Add the following to a message and the bot should get some info about that category to help inform its answer.

  • !calendar - The next 20 events if Google Calendar is configured.
  • !slackpopular - Some basic information about public slack channels with over 30 people
  • !slackmsg - The last 30 messages in any channels mentioned during the conversation provided that the bot is in the mentioned channel
  • !url-https://your.url - Information from a custom provided URL. It won't handle big pages or pages with lots of javascript etc. There is some custom logic specifically for our website/wiki, Github, Reddit (with credentials set), and YouTube which allow it to download a "cleaner" version of the page. If you're using a url that's not on those domains you may have more success if you use a "raw" version of the page (like the source view on a wiki etc). Because !url adds a url as part of the conversation primer (before anything said on Slack) you may need to specify that it was "the reddit post I sent you earlier" etc if you've used the command in a thread.
  • !nopages - To exclude some pages from our website that are included by default.
  • !tidyhq - Some basic information for current Artifactory members if a TidyHQ token is present. Should be fairly organisation agnostic.

Elsewhere on Slack

If @queryBot is in the channel (/invite @querybot) you can react to a users message with :chat-gpt: and the bot will respond to their message. You won't be able to do follow up messages etc. However, if the message you're reacting to has one of the !commands used in the unrestricted channel then these will be executed. Please be mindful of this (especially when using !url). Restricted commands (!tidyhq) will never be run outside on an unrestricted channel.
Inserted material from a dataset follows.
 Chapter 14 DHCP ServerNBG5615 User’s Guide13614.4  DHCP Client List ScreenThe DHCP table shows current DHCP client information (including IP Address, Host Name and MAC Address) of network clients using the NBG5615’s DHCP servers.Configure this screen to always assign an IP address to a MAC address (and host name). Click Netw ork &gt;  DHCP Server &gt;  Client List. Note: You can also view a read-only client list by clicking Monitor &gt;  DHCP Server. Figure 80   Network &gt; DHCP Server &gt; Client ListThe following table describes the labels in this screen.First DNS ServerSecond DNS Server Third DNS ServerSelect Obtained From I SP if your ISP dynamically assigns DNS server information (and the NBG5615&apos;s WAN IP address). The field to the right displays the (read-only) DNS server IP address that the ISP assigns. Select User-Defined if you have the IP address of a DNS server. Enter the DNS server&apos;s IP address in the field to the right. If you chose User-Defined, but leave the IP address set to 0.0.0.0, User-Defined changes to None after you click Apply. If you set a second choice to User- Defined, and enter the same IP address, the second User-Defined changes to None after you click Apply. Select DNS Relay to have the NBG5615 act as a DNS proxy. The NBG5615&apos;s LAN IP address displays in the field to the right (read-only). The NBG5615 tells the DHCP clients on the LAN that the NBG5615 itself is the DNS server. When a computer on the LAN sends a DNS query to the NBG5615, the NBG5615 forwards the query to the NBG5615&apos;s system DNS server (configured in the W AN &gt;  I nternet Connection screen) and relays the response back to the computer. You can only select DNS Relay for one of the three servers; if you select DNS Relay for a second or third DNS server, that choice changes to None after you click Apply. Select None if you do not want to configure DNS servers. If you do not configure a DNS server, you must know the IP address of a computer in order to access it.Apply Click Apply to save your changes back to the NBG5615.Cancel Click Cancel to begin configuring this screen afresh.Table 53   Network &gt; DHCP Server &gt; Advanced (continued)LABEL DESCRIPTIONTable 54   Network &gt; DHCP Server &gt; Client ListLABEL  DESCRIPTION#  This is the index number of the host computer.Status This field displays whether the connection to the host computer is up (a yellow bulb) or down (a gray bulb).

The bot will react with 👍 and 👎 to every message it sends using this method. This makes the feature below easier to use.

Sometimes the bot gets an answer wrong and you may not have permissions on Slack to delete an incorrect message. If you react with a 👎 the bot will replace it's answer with a removal message. If you react with a 👍 it will remove it's own approval emoji from the message to reduce the likelyhood that other users will misclick.

When triggered in specifically configured channels certain extra commands will be added to the message. (Such as !lasers in lasers)
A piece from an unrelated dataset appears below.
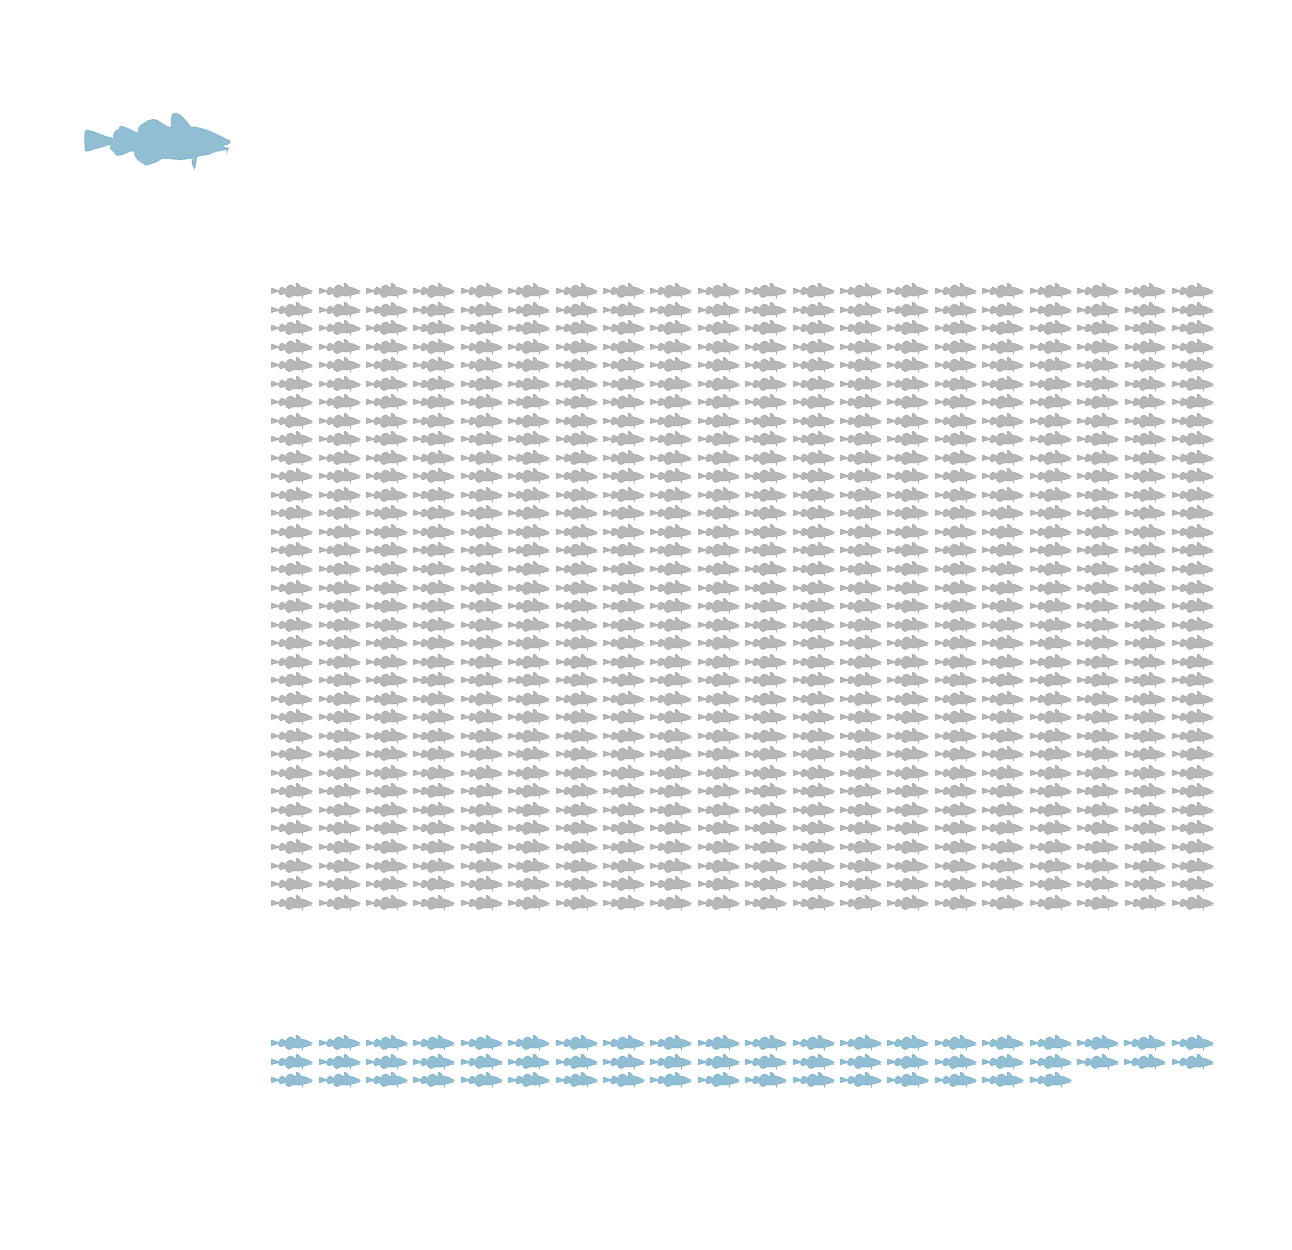 Graphic showing the historic population of Cod — Atlantic

Understanding conversation order

It's important to understand how commands affect the conversation so that you can communicate effectively with the bot. Sometimes you'll want to reference a url you just gave the bot but it will claim not to know about it. This is because of the built in conversation order.

Before the conversation you see in Slack happens there's a conversation that's gone on in the background.

  1. A system prompt - This gives the bot a good idea of what it is and what it's expected to do overall. As an example ChatGPT uses the system prompt "You are ChatGPT, a large language model trained by OpenAI. Answer as concisely as possible."
  2. Hardcoded follow up prompts in prompts.txt - This is typically supplementary information that is useful for most conversations like "We refer to the organisation as 'The Artifactory'"
  3. The contents of webpages from urls in config.json unless !nopages is used - Giving the bot access to a webpage containing basic information about the organisation will help most conversations. The exception is when you know that another command you're sending will provide the exact information required. In that instance sending !nopages will exclude these pages and save you tokens.
  4. The output of any !commands you've added anywhere in the conversation - No matter where in the conversation the command was used they output will always end up here instead. This is what causes the issue raised at the start of this section
  5. The visible conversation from slack - This excludes thread replies that don't tag the bot when you're in a unrestricted channel and only includes the message you reacted to if it's an emoji triggered response.

A good way to reference command information is to say "That webpage I gave you earlier" etc. As far as the bot is concerned everything except the system prompt actually came from you.